General Maritime (NYSE: GMR) stumbled badly last year in the timing of its massive Metrostar block tanker acquisition deal. Earlier this year, it made a US$ 200 mio recapitalization agreement with Oaktree Capital for needed funding. Now Genmar management is considering an additional US$ 50 mio ATM share offering for additional liquidity.
Oaktree is well known in shipping for its Beluga takeover. Beluga was a beleaguered German heavy lift company on which Oaktree earlier this year decided to pull the plug, take control of the company, fire the old management with plans to build it up into a major player in the heavy lift market.
Since Oaktree holds a similar share option trigger with Genmar if things do not turn out to their liking, Genmar likely has limited room for much share dilution. This follow-on offering represents only about 25% of its current US$ 200 mio or so in overall shares value.

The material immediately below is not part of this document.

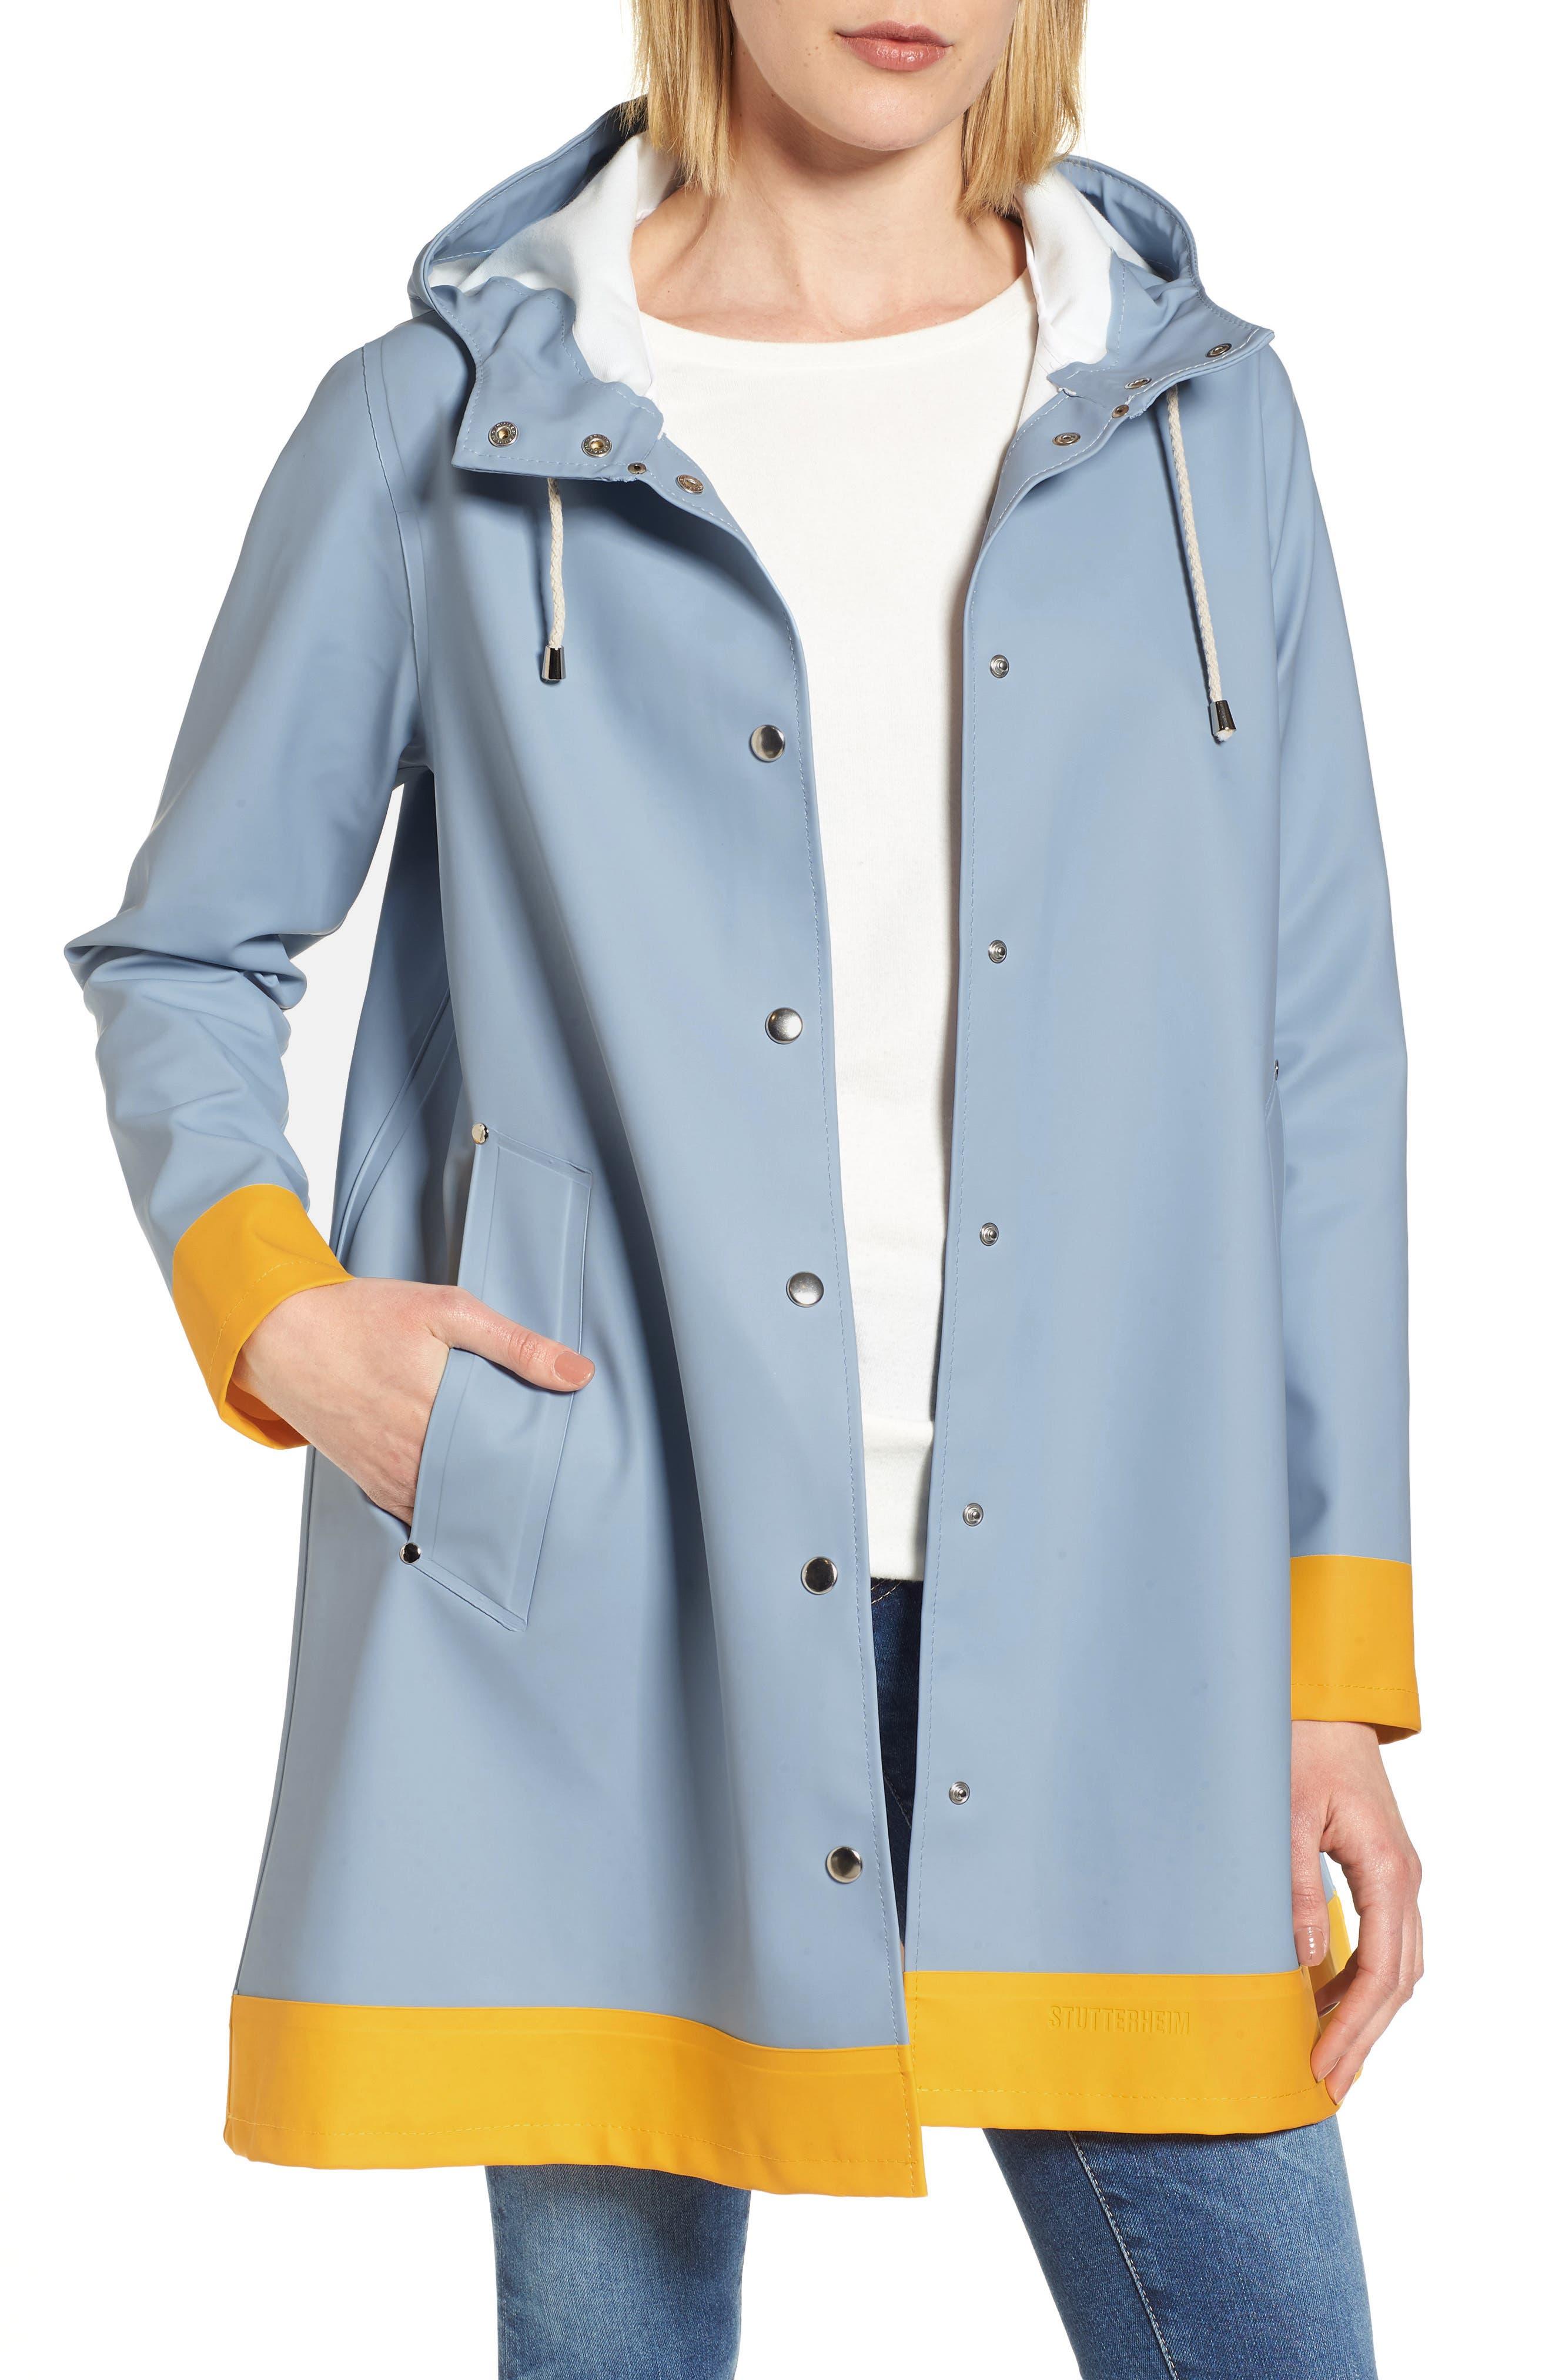 Mosebacke Frame Colorblock Raincoat,                             Main thumbnail 2, color,

Genmar management argues that funds will be used as a safety net as it enters the traditionally softer rates climate of summer. They seem concerned about a loan covenant requiring the tanker owner to maintain a minimum cash balance of US$ 50 mio. It has some cushion on other covenants following the Oaktree injection and a refinancing with lenders, but admitted it was close on the cash benchmark on 31 March at US$ 62 mio.
Genmar was recently downgraded to sell by a major Scandinavian capital markets group. They see a potential for 10% lower asset values implying a 60% reduction in NAV. The company suffers very high gearing and 36% of its debt is financed at a cost of 12% or more.